(Beginning of Dataset excerpt)
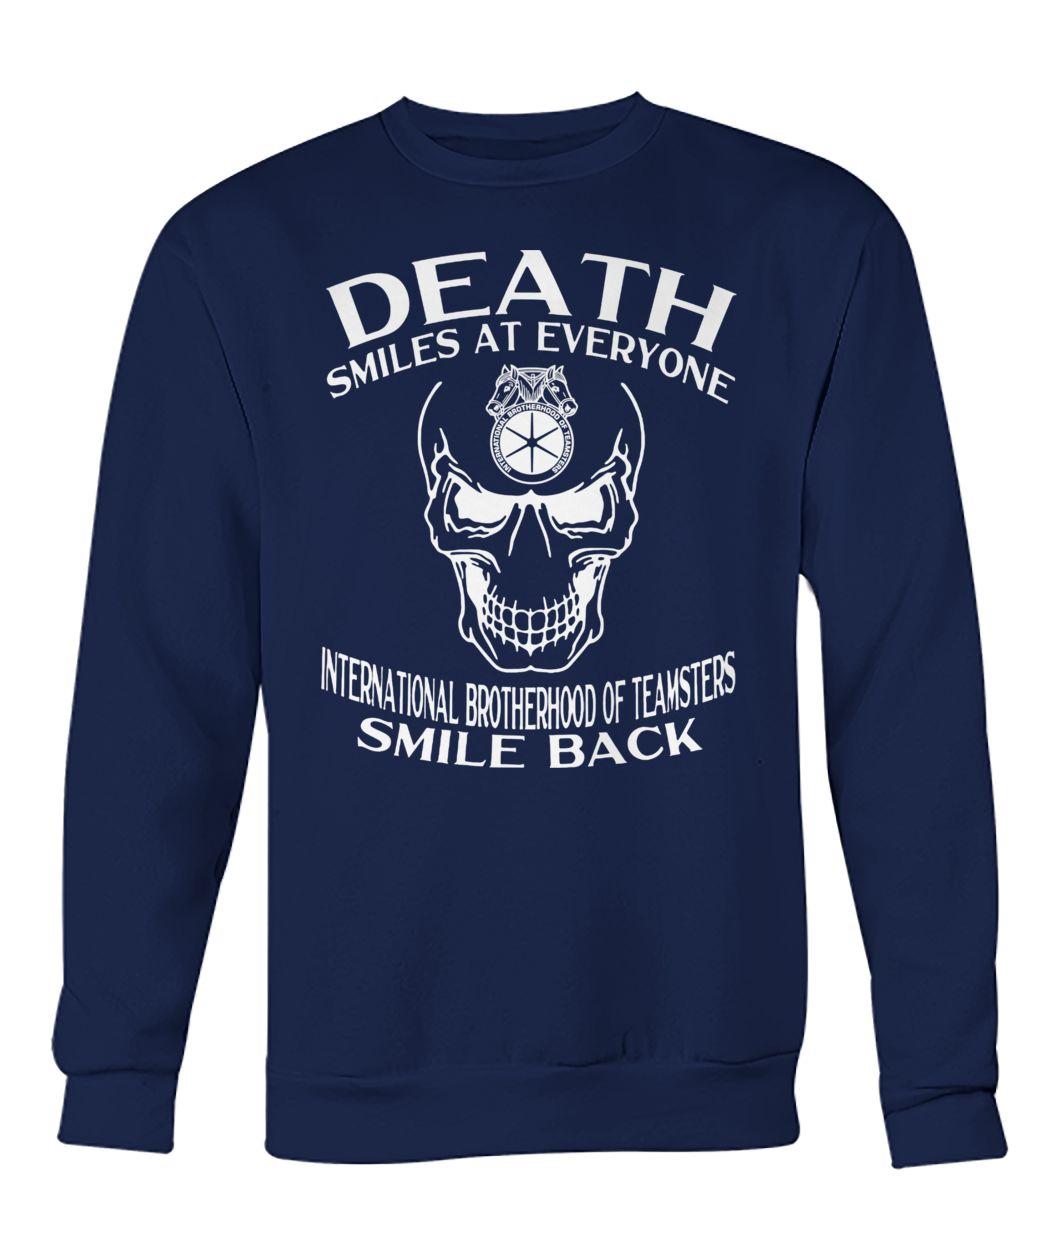 Skull death smiles at everyone international brotherhood of teamsters smile back sweatshirt
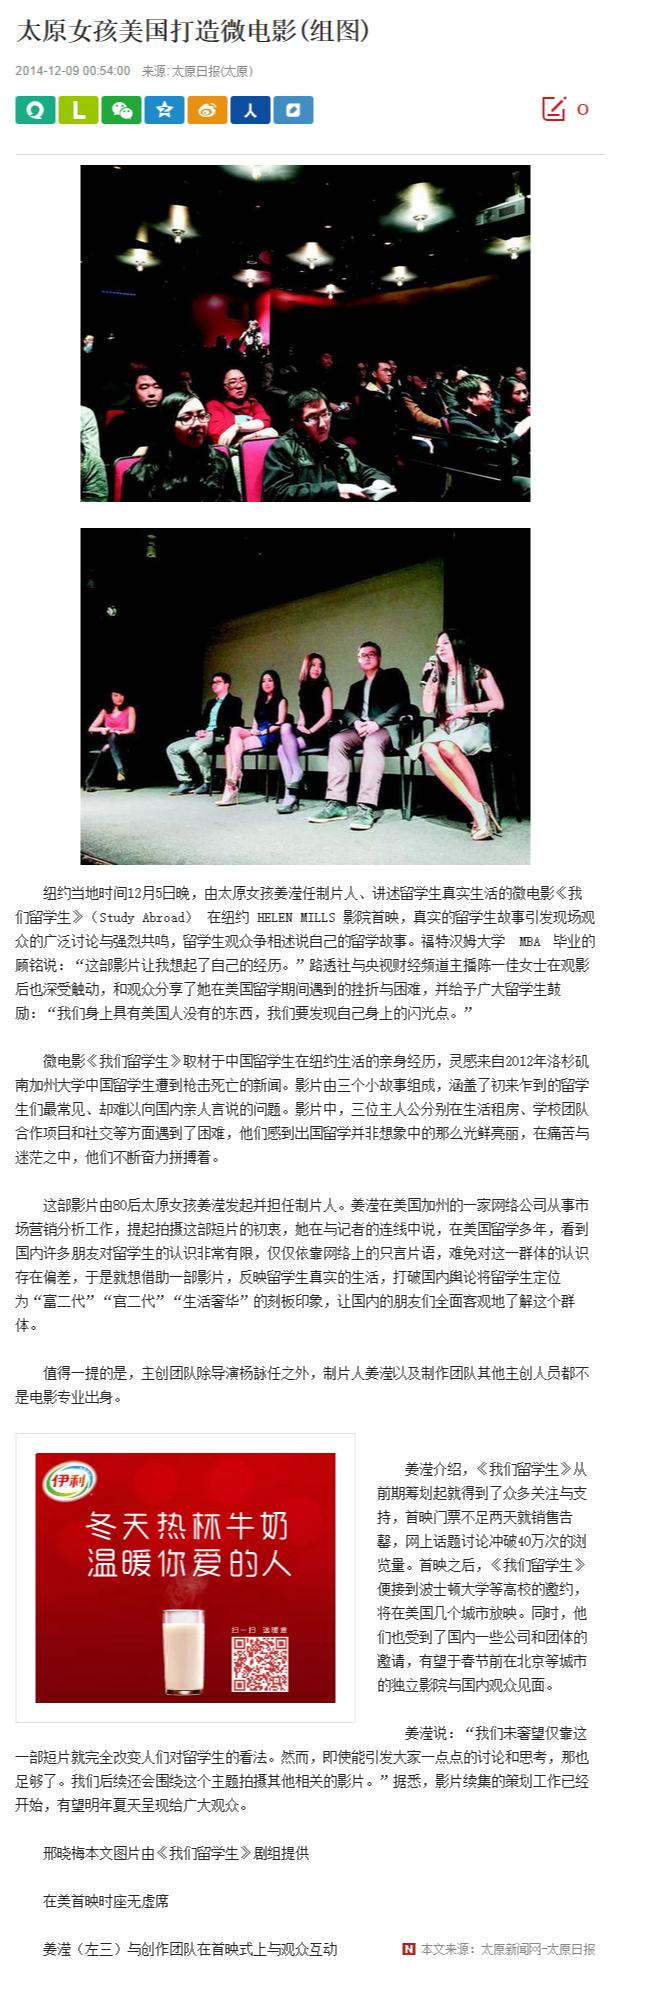 《网易新闻》 2014年12月9日报道
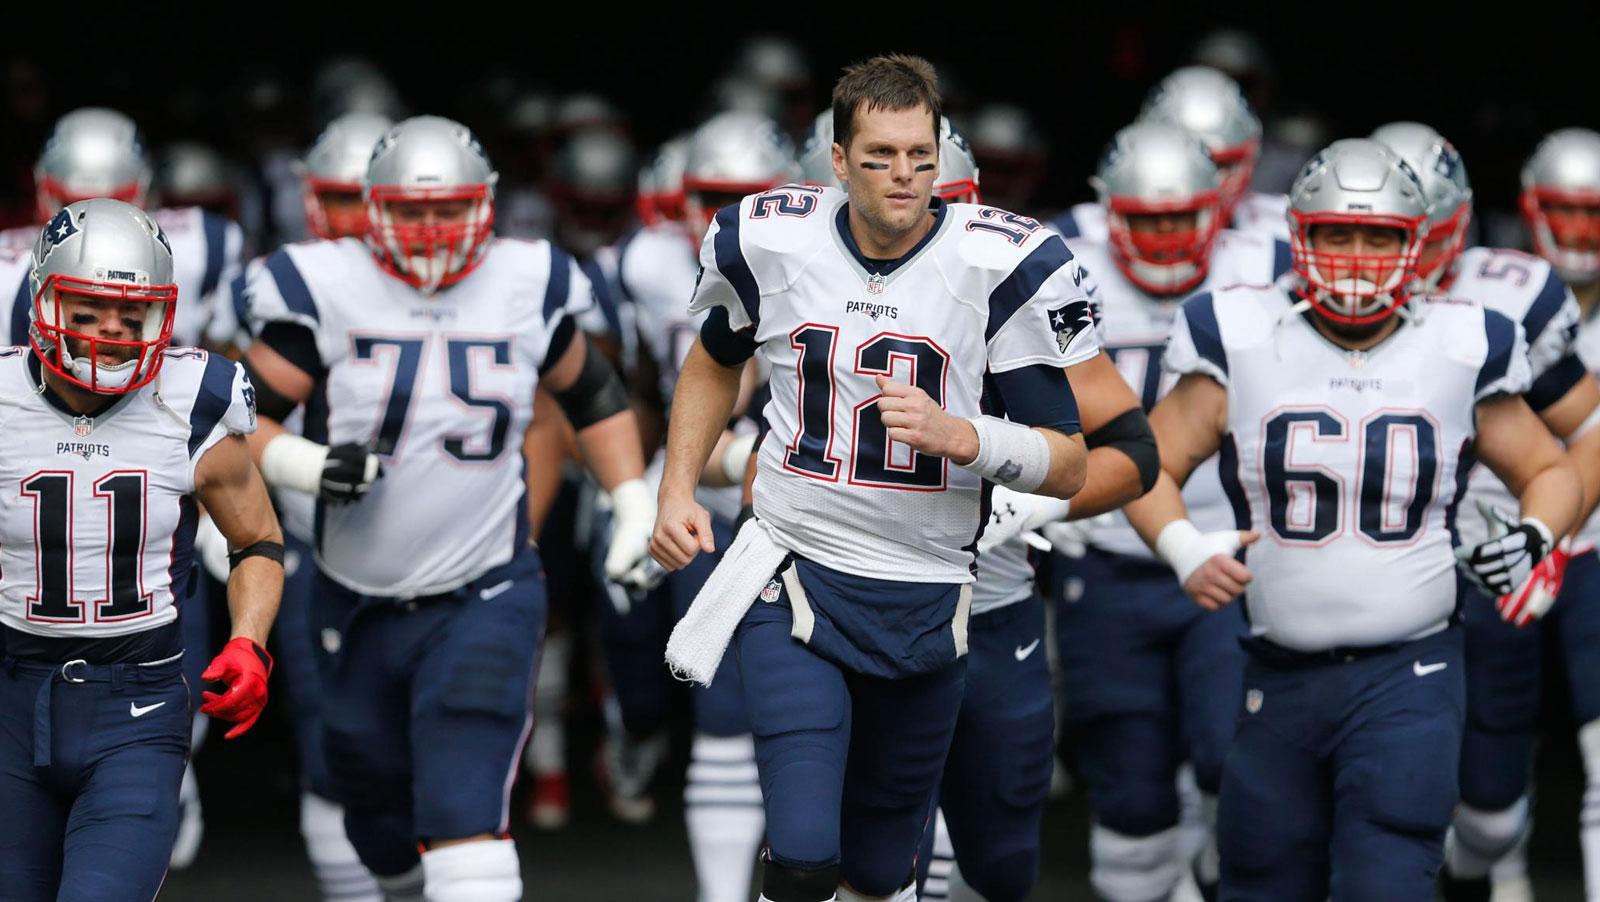 NFL Preseason Week 2 Betting Preview
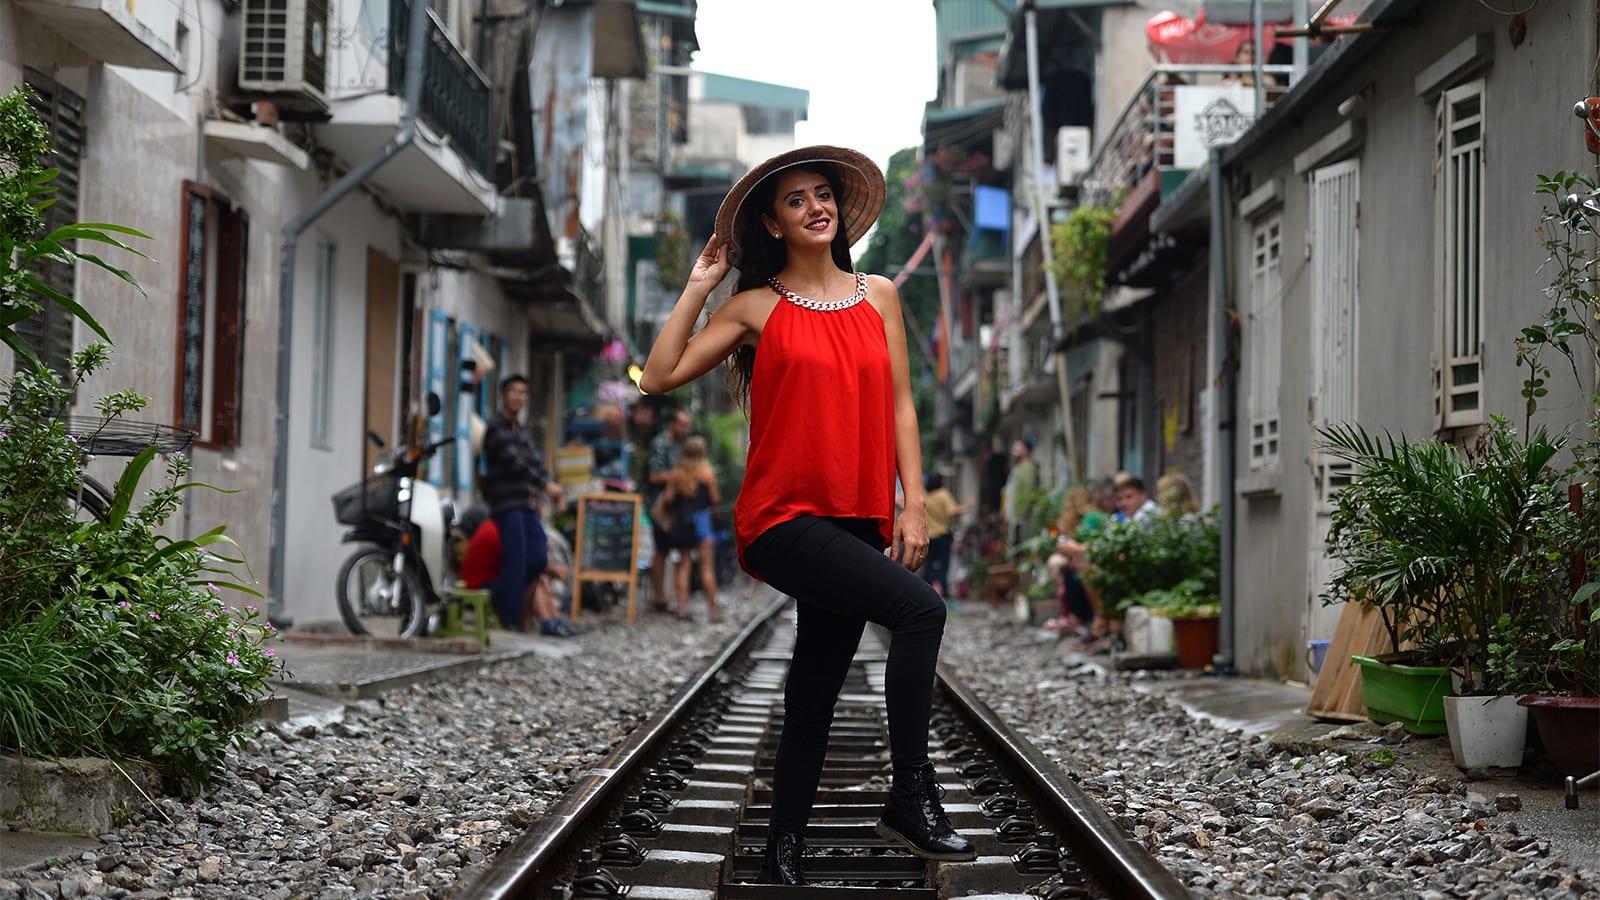 """رغم خطورتها.. سكة قطار تصبح وجهة """"السيلفي"""" المفضلة بفيتنام"""
(End of Dataset excerpt)
▶ _Description of the task_:
From the line containing "NFL Preseason Week 2 Betting Preview" down to the last line of the data above, transcribe exactly those lines and no others; omit the pictures.

▶ _Exercise output_:
 NFL Preseason Week 2 Betting Preview
 """رغم خطورتها.. سكة قطار تصبح وجهة """"السيلفي"""" المفضلة بفيتنام"""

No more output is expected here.